15 Mar 2023 Wednesday, 10:00 AM to 11:30 AM

MR1, COM1-03-19


It has been a long-term goal to develop Artificial Intelligence (AI) systems that can demonstrate their understanding of the dynamic visual world by responding to the natural language queries in the context of videos that directly reflect our physical surroundings. Video Question Answering (VideoQA), as a typical testbed to evaluate such AI capability, has thus received much attention. While works have continually shown progress, most of the advances to date are made in answering questions that challenge the recognition or superficial description of the video contents; the problem of answering questions related to visual relation reasoning is much less explored. Visual relations which weave together the video elements (e.g., objects, actions, and activities), enable holistic and in-depth video understanding that goes beyond coarse recognition to fine-grained reasoning, or even to explanation of intentions and goals. Thus, this thesis proposes to study visual relation driven VideoQA, by focusing on four works including the construction of a benchmark dataset and the development of three visual graph models.

First, as there is a lack of an effective VideoQA dataset that features inference of real-world visual relations for question answering, our first effort is to collect and curate such a dataset on top of our existing visual relation dataset. The dataset's uniqueness is two-fold: 1) it emphasizes the comprehension of the causal and temporal relations between different actions, and 2) it features real-world object interactions in space-time. Along with the dataset, we provide comprehensive baselines and analyses as well as heuristic observations to facilitate future studies.

Second, to approach the solution for relation driven VideoQA, our first attempt is to explicitly ground the relations in videos. Given a textual relation triplet (e.g., ), the task aims at spatio-temporally localizing the visual subject and objects in the paired videos. Our intuition is that relations constitute the most informative parts of the textual queries. By grounding the relations, one can largely ground the query in the videos, which would facilitate reasoning over the grounded video contents to derive the correct answers. To ground the relations, we propose to model a video as a spatio-temporal region graph and collaboratively optimize two sequences of regions over the graph through relation attending and reconstruction. The pair of region sequences that give the maximal reconstruction accuracy is returned as grounding results.

Third, while the spatio-temporal region graph is effective in capturing the spatial and semantic relations, it focuses on grounding only a single relation. Also, it neglects the hierarchical and compositional relations between the video elements. Such weaknesses impede its application in real-world QA scenarios. To address these problems, we need to align the video elements at different granularity levels with the corresponding linguistic concepts in the language queries, and enable joint reasoning over multiple kinds of relations. To accomplish the goal, we propose to build video as a query-conditioned hierarchical graph. The graph explicitly captures the hierarchical and compositional relations that can be used to reason and aggregate the video elements at different granularity levels for multi-granular question answering.

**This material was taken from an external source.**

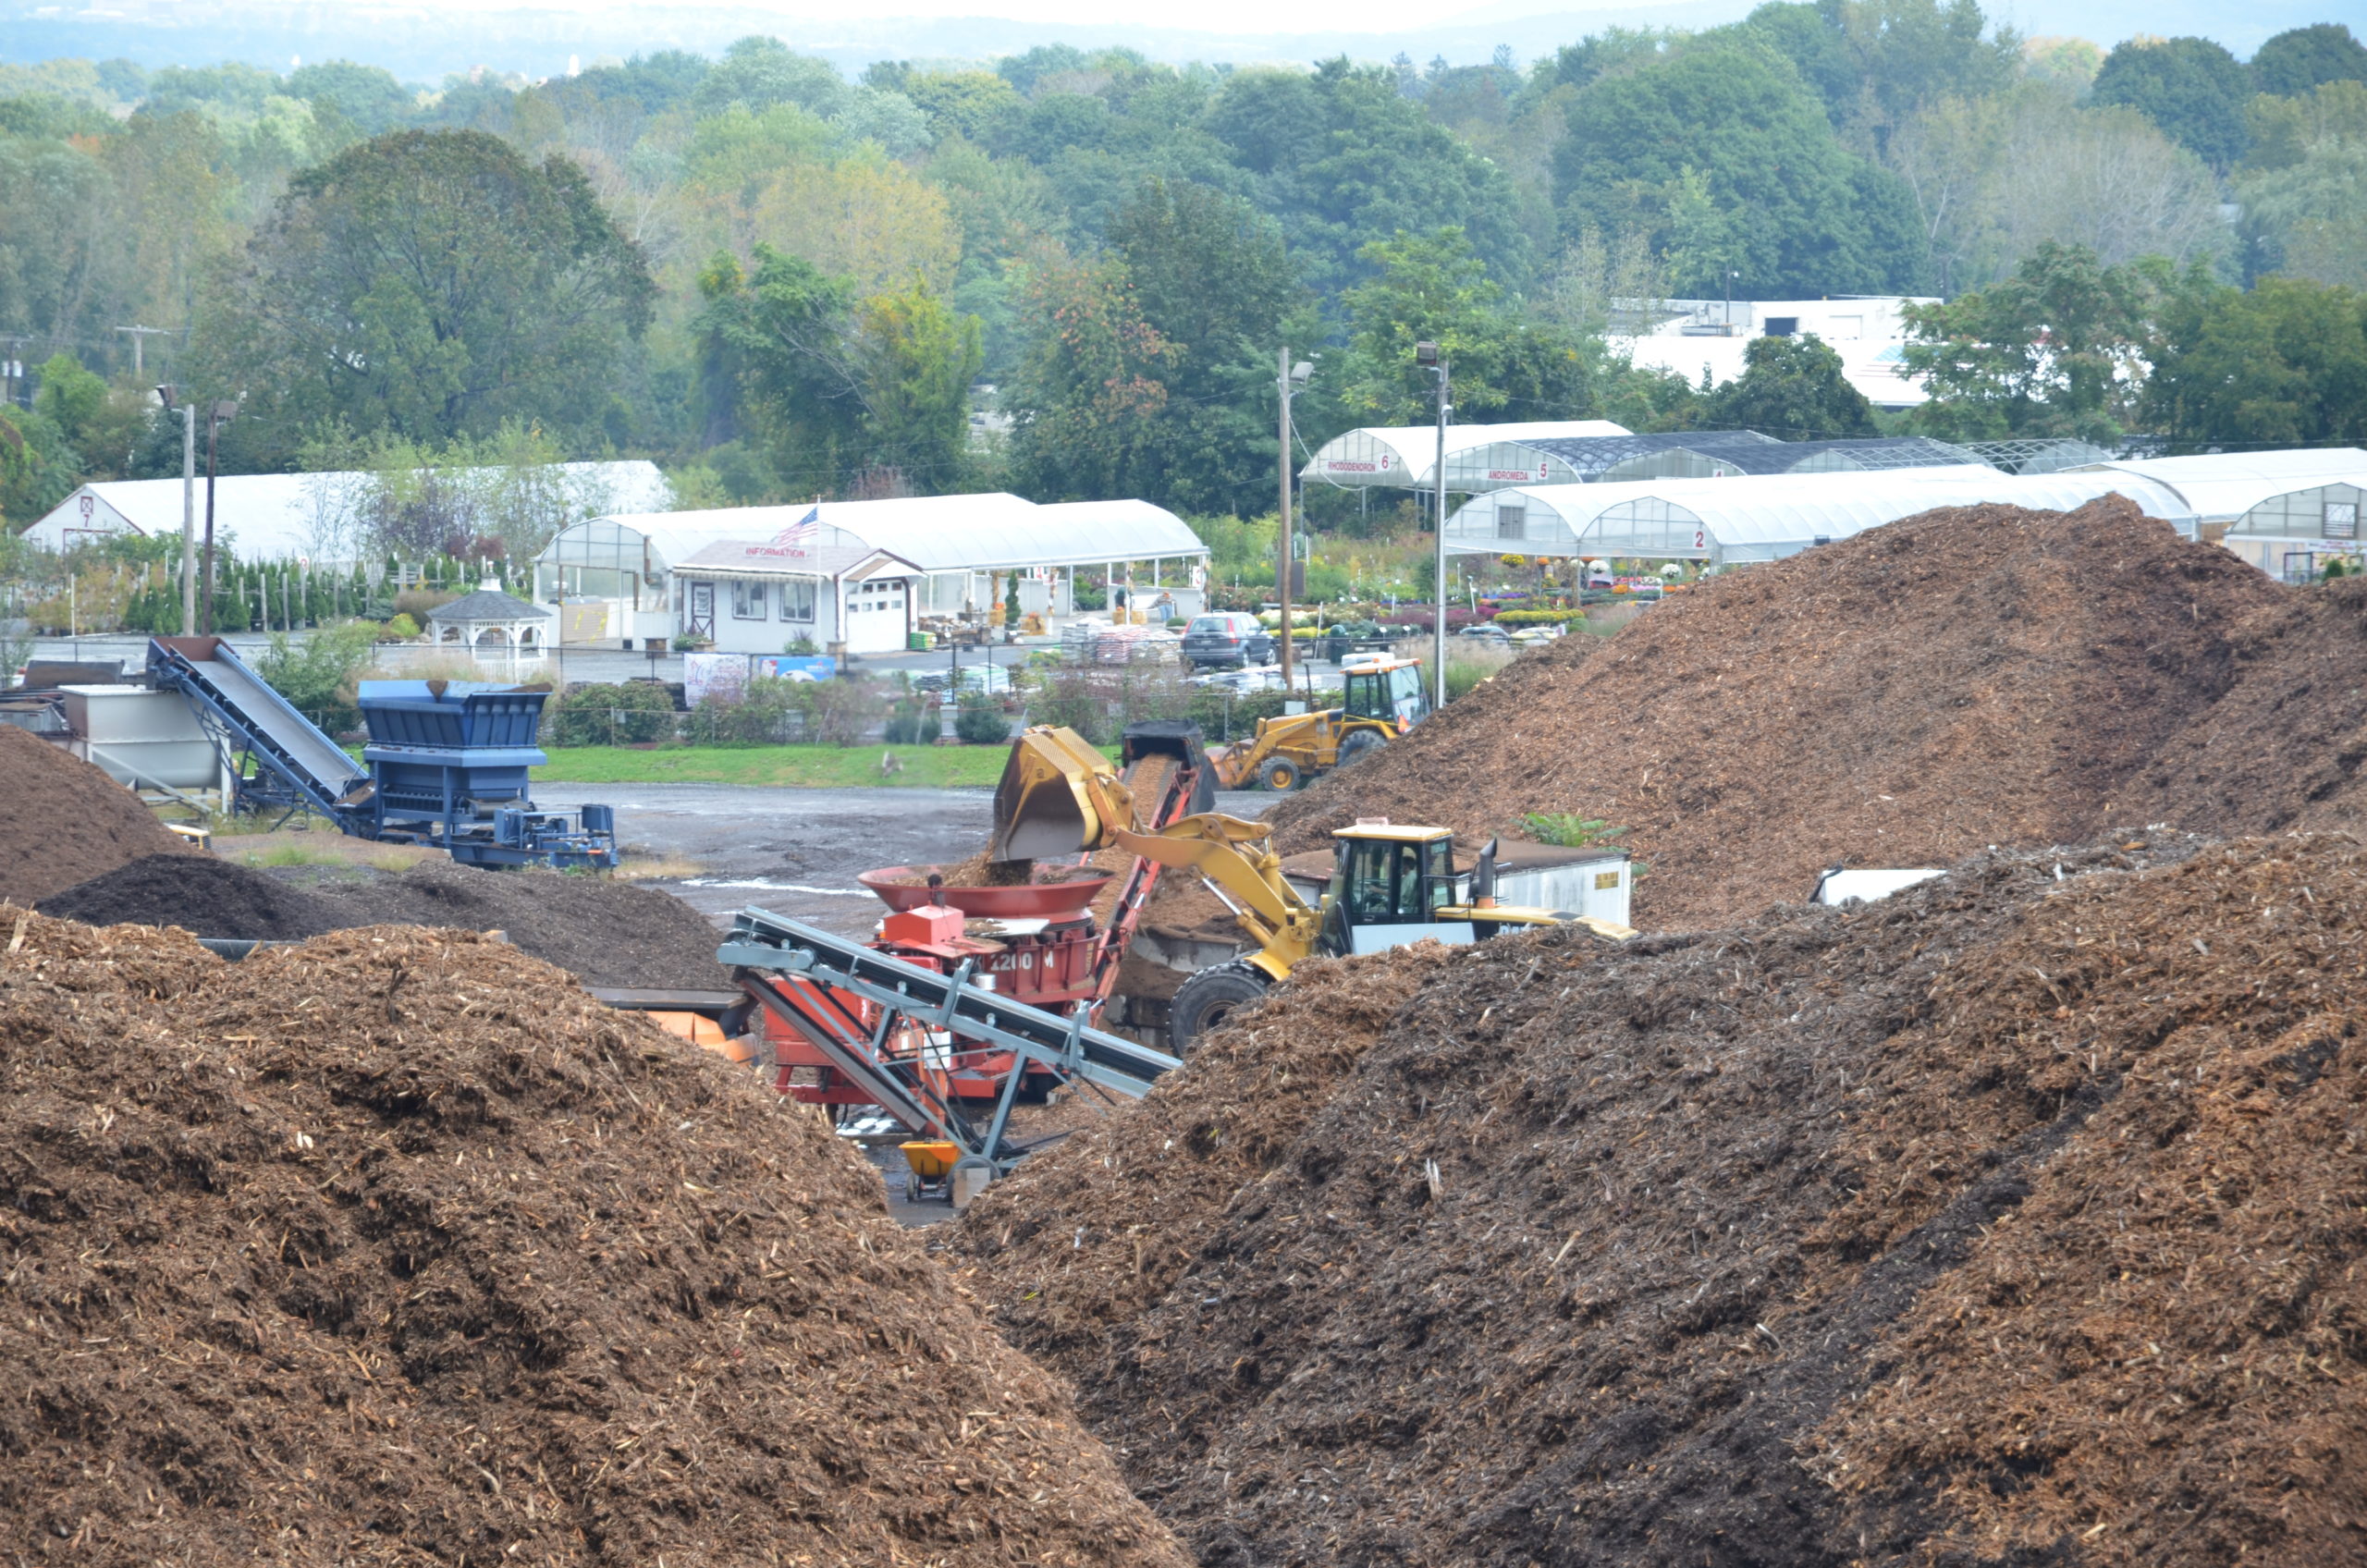 Commercial and municipal composting operations produce both mulches and composts.  These are good for a number of garden applications but don’t assume that they are

Finally, both the spatio-temporal region graph and hierarchical conditional graph construct visual graphs at static frames, while the temporal relations are coarsely modelled over the pooled graph representations. Such approaches cannot effectively capture the temporal dynamics of the objects and their relations within local video clips. To tackle the problem, we propose to model video as a hierarchical dynamic visual graph which exploits the transformer architectures to learn the temporal dynamics of the video elements at both local and global scopes. Additionally, to alleviate the data scarcity issue, we perform contrastive learning of the video graph transformer model and pretrain it on a large-scale weakly-paired video-text dataset via self-supervision.

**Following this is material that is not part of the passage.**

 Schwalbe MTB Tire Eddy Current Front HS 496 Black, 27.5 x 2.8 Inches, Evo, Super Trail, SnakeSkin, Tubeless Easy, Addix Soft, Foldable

To summarize, this thesis proposes to study visual relation driven VideoQA. We contribute the first manually annotated VideoQA dataset that is rich in real-world visual relations. We then approach the solutions by mainly proposing three effective visual graph models that focus on capturing the visual relations from multiple aspects of spatial, temporal (both local and global), hierarchical and compositional scopes. The proposed methods cover learning from limited data with strong supervision by incorporating structure priors and learning from vast amount of Web data with self-supervised pretraining.